YOUR TASK:
Your output consists solely of the lines from the one that contains "Exceptionnelle horloge de" to the end of the material, each reproduced exactly; pictures do not belong in it.

INFORMATION SHOWN:
============================================================

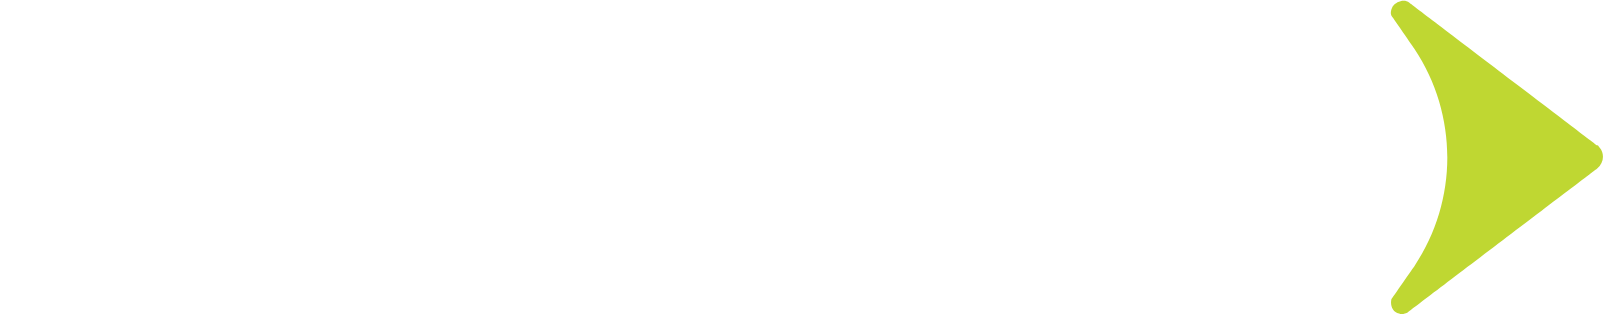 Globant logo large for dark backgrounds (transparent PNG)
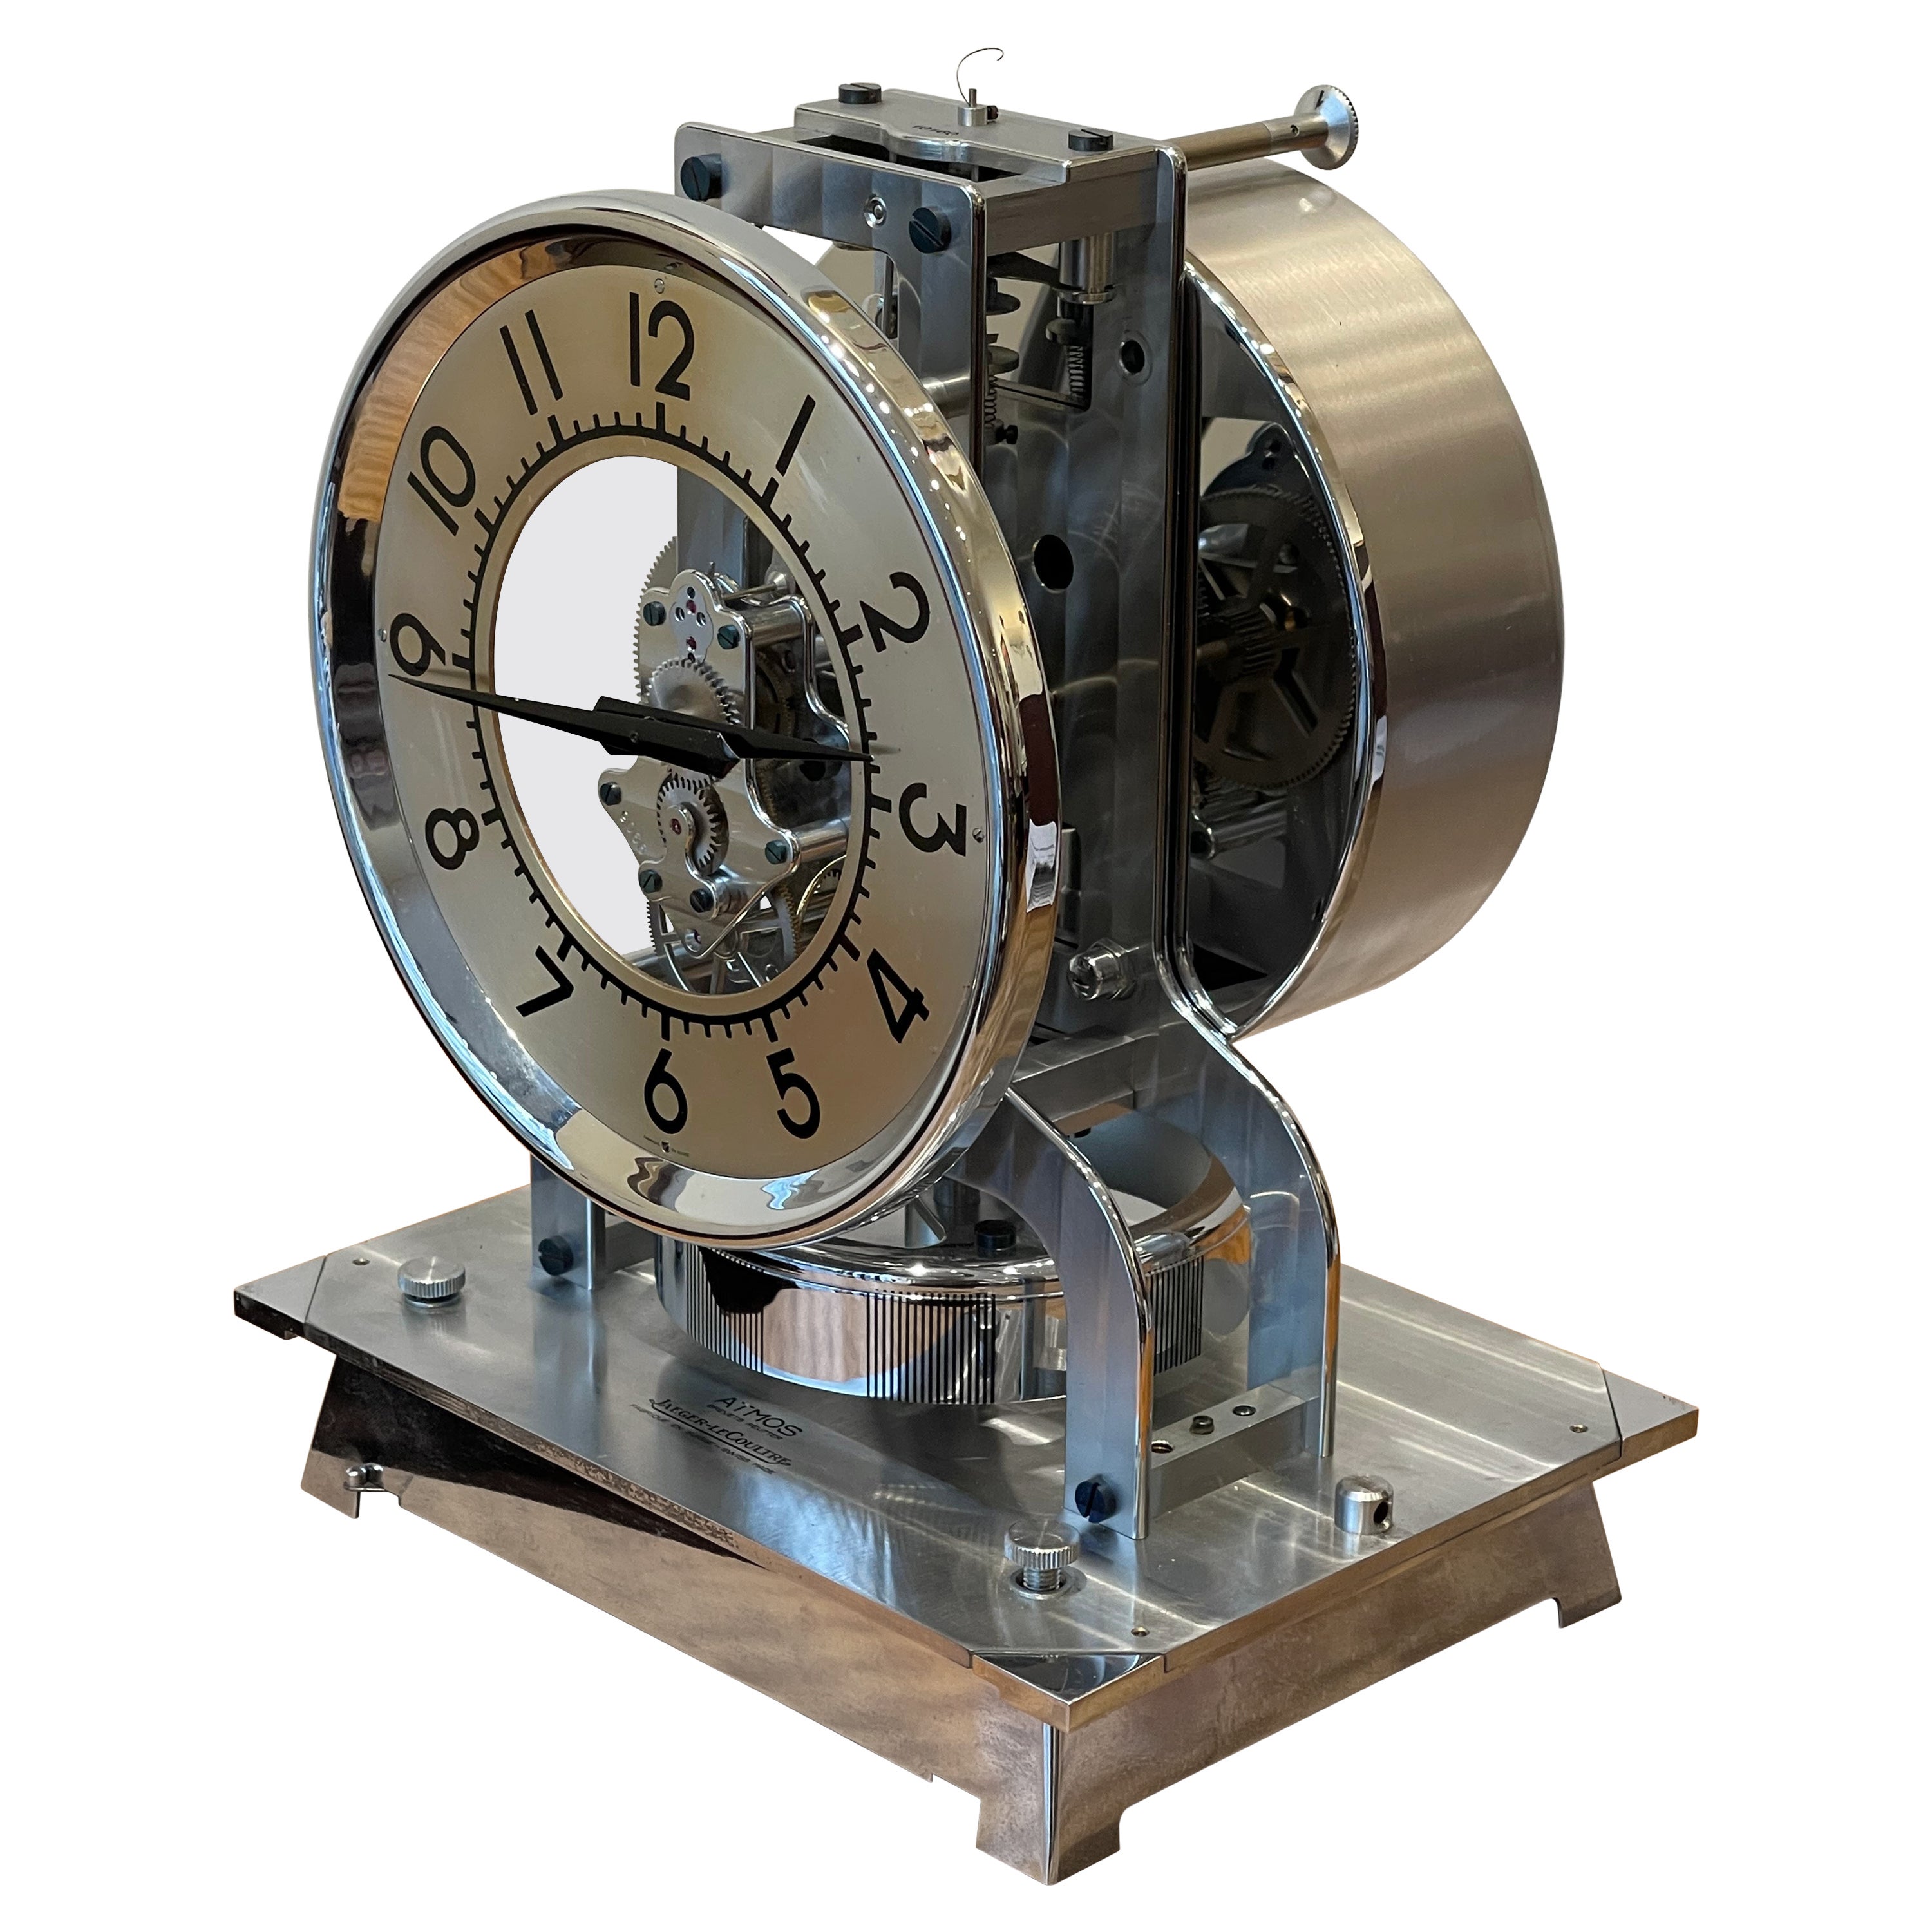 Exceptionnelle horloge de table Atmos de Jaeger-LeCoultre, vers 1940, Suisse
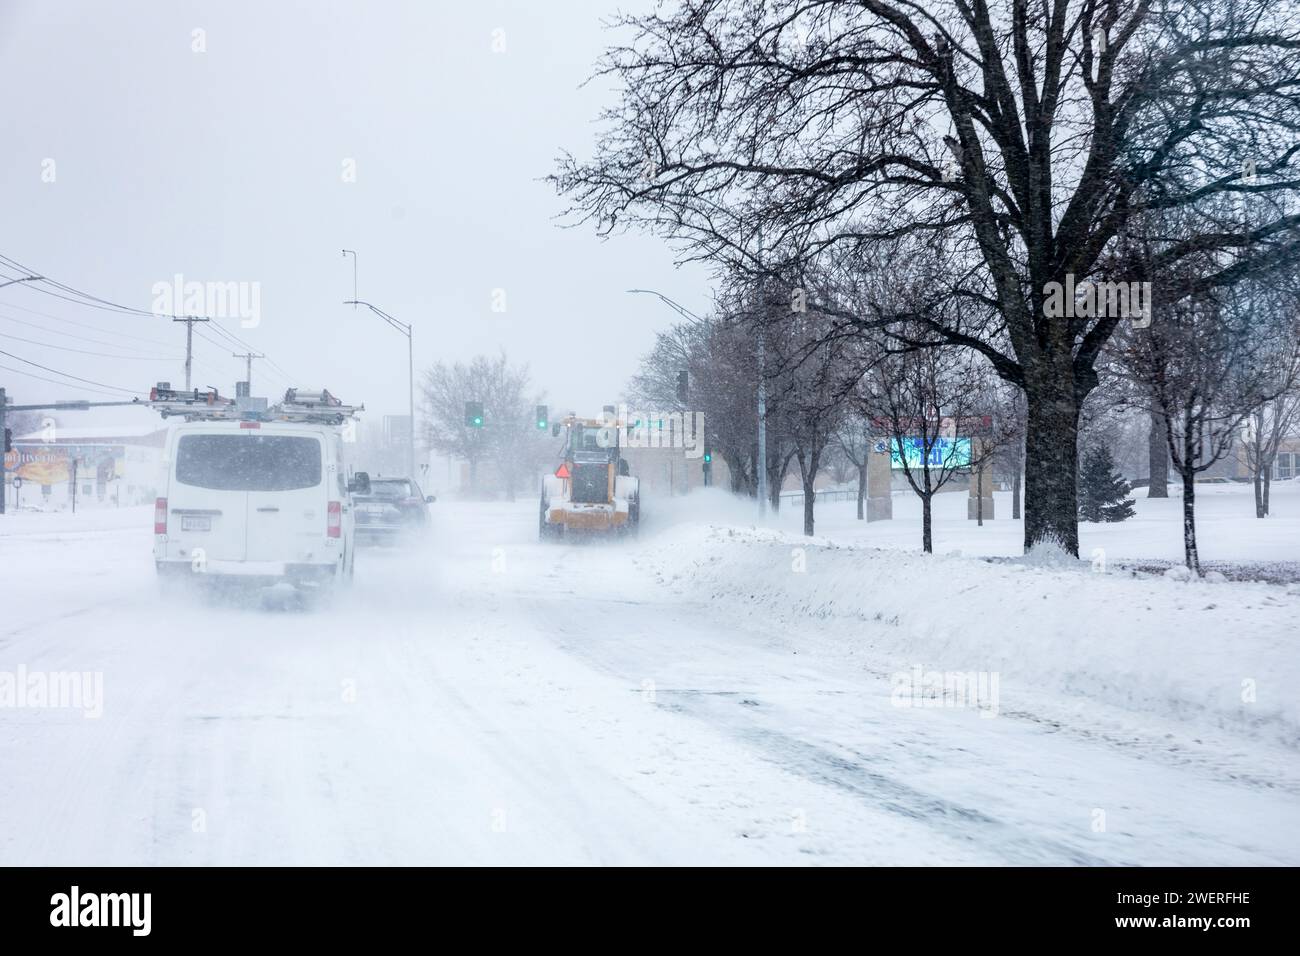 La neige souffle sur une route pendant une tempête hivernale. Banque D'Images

============================================================

COMPLETED EXERCISE:
 Exceptionnelle horloge de table Atmos de Jaeger-LeCoultre, vers 1940, Suisse
 La neige souffle sur une route pendant une tempête hivernale. Banque D'Images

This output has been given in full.